Na sala de aula de matemática, o papel do professor consiste em fazer com que os significados pessoais dos alunos evoluam gradualmente para significados matemáticos (Bussi & Mariotti, 2008). De acordo com estas autoras, esta atividade sígnica do aluno é gerada na sua mente por meio de ferramentas psicológicas. Nesta perspetiva, quando o professor focaliza o raciocínio do aluno para aspetos particulares de uma tarefa está a despertar no aluno a necessidade de construir analogias a raciocínios e experiências matemáticas anteriores. Por outro lado, quando o professor admite ou refuta hipóteses que vão sendo construídas pelos alunos está a incentivar o aluno para que ele continue a atribuir significados matemáticos que o permitam construir estratégias para desenvolver ou testar tais hipóteses. E, quando o professor promove e faz sínteses ao longo do raciocínio dos alunos está com isto a usar intencionalmente processos que conduzem os significados pessoais do aluno aos significados matemáticos. Tais processos promovem a atividade mental do aluno que ocorre através dessas ferramentas psicológicas. E, por sua vez, tais processos usados pelo professor tornam- se meios de promover a aproximação do conhecimento dos alunos aos conhecimentos

matemáticos, aquando da realização de uma tarefa. Estes processos podem ser acompanhados por instrumentos como as tarefas matemáticas, pela calculadora gráfica ou outro software intencionalmente proposto pelo professor na aula de matemática, que Rabardel designa por artefactos (Hillman, 2014). Tais artefactos são instrumentos de mediação semiótica. Para Rabardel a produção de um signo depende do uso de um artefacto. Tal signo, por sua vez, pode ser espontâneo ou explicitamente requerido por tarefas específicas propostas pelo professor (Mariotti, 2009). Em qualquer dos casos, a principal característica dos signos é a sua estreita ligação com as ações que decorrem do uso do artefacto (Mariotti, 2009, p.430).

Um signo auxilia a construção de um significado durante a resolução de uma tarefa, tal como a construção de uma analogia durante um raciocínio indutivo, ou o uso da memória na construção de um raciocínio abdutivo. Por sua vez, um artefacto acompanha a tarefa tendo a função de promover a construção de significados, tal como um algoritmo, ou uma determinada função da calculadora gráfica.

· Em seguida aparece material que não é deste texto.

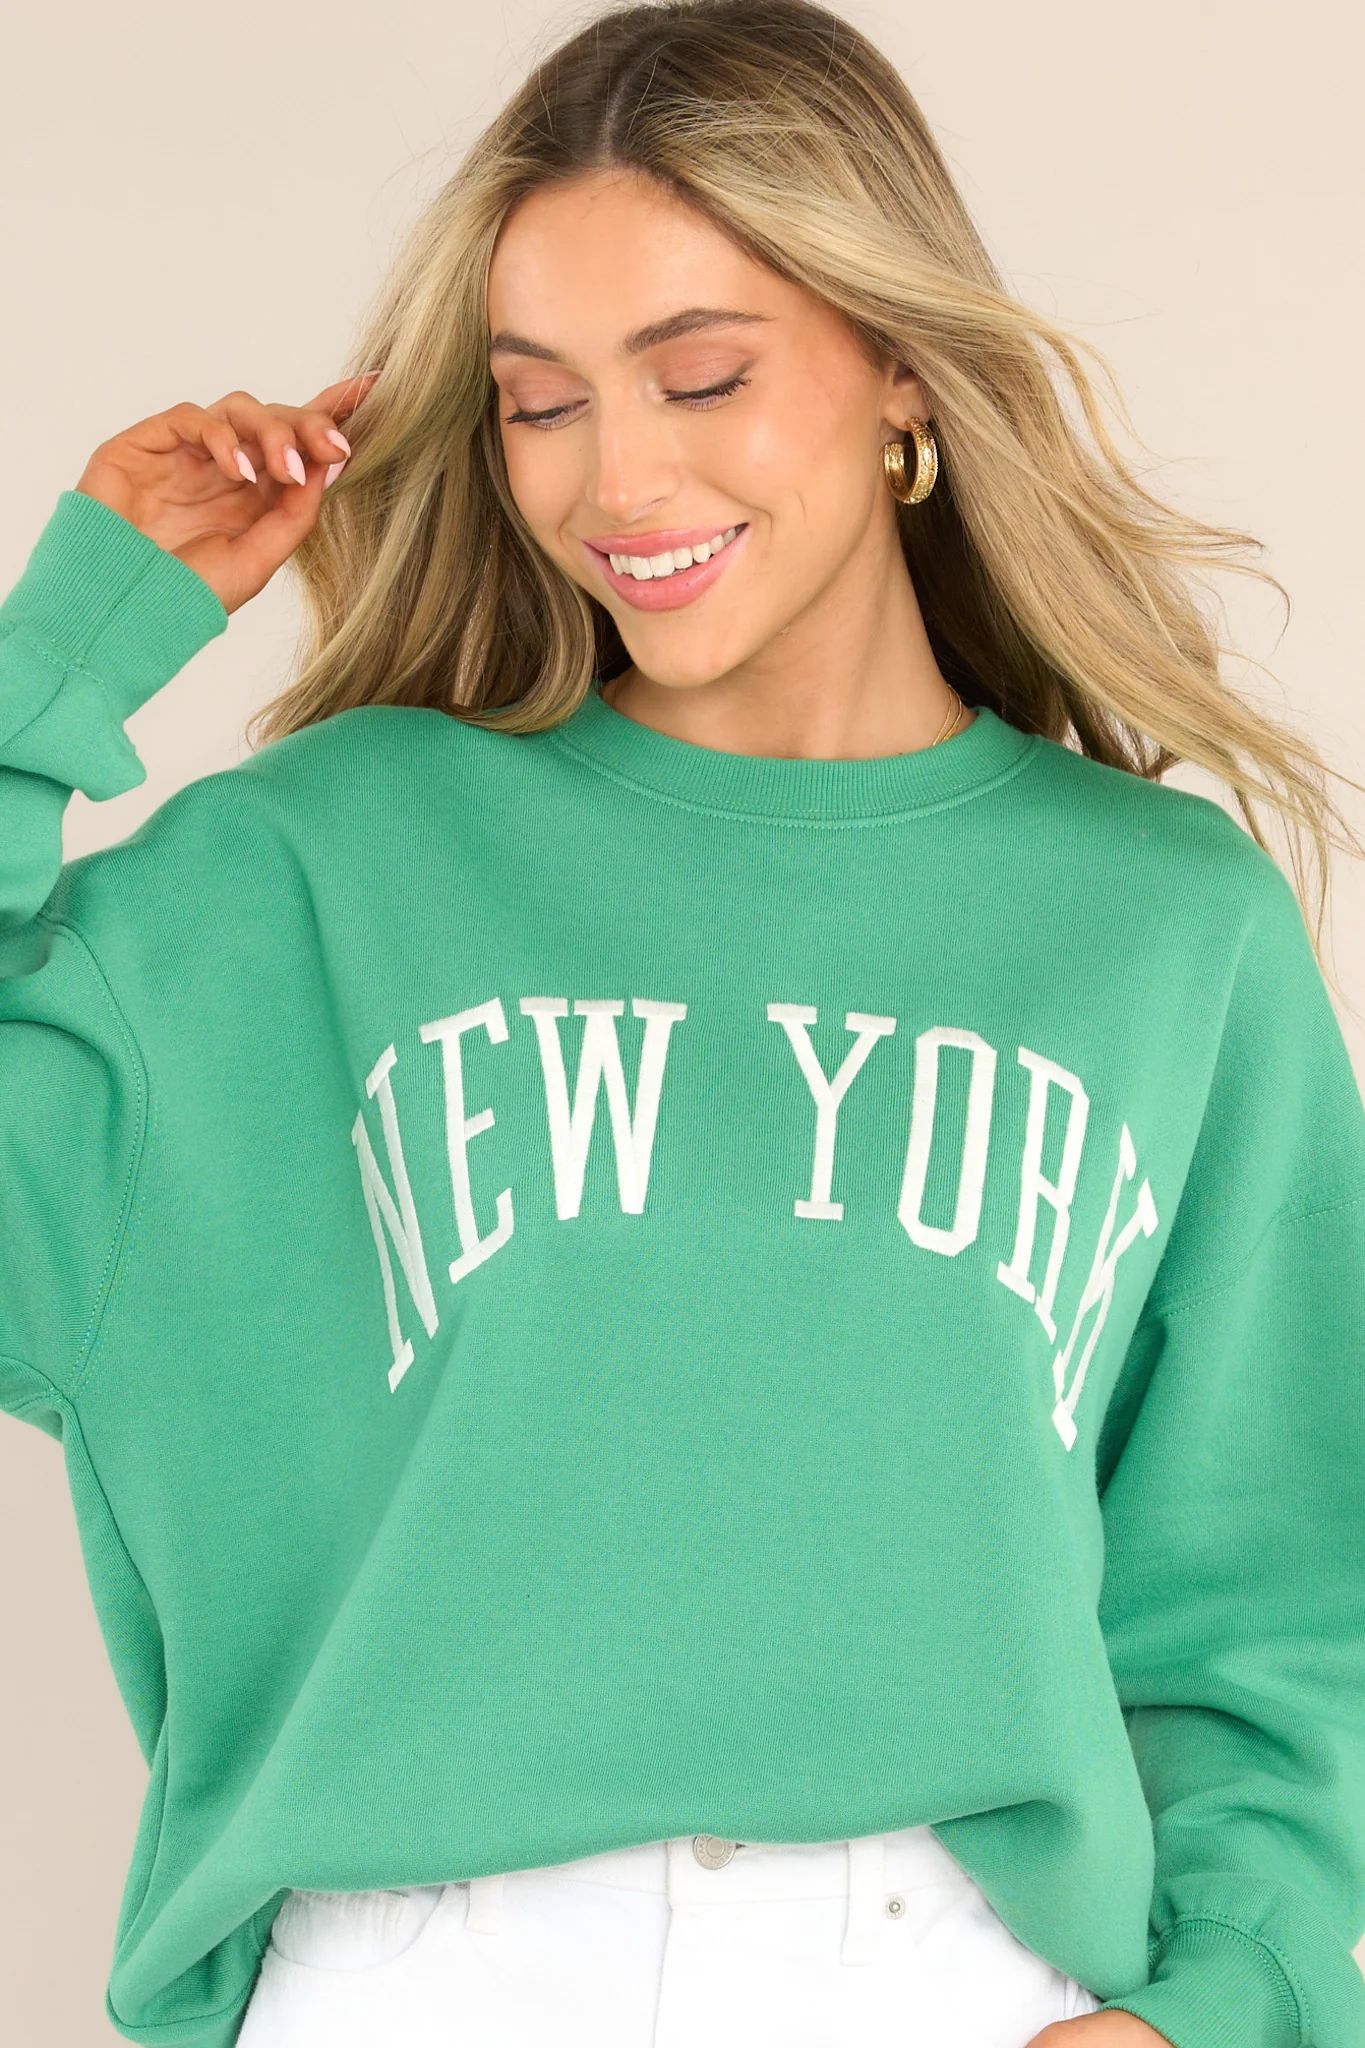 Concrete Jungle Green Embroidered Sweatshirt | Red Dress

Assumiremos neste estudo, e concordantemente com Peirce, que toda a atividade sígnica é por si só um signo e, consequentemente, por tal atividade se identificar nalgum momento ou nalguma perspetiva com o seu signo, consideraremos os conceitos de signo e significado como interdependentes. De acordo com D’Amore (2007), Bishop e Goffree (1986), Ponte e Serrazina (2000), Bussi e Mariotti (2008) e Mariotti (2009), neste trabalho consideramos que a atribuição de significados, individuais e coletivos através do uso de artefactos – como as tarefas propostas pelo professor aos alunos em sala de aula, é fundamental para a aprendizagem.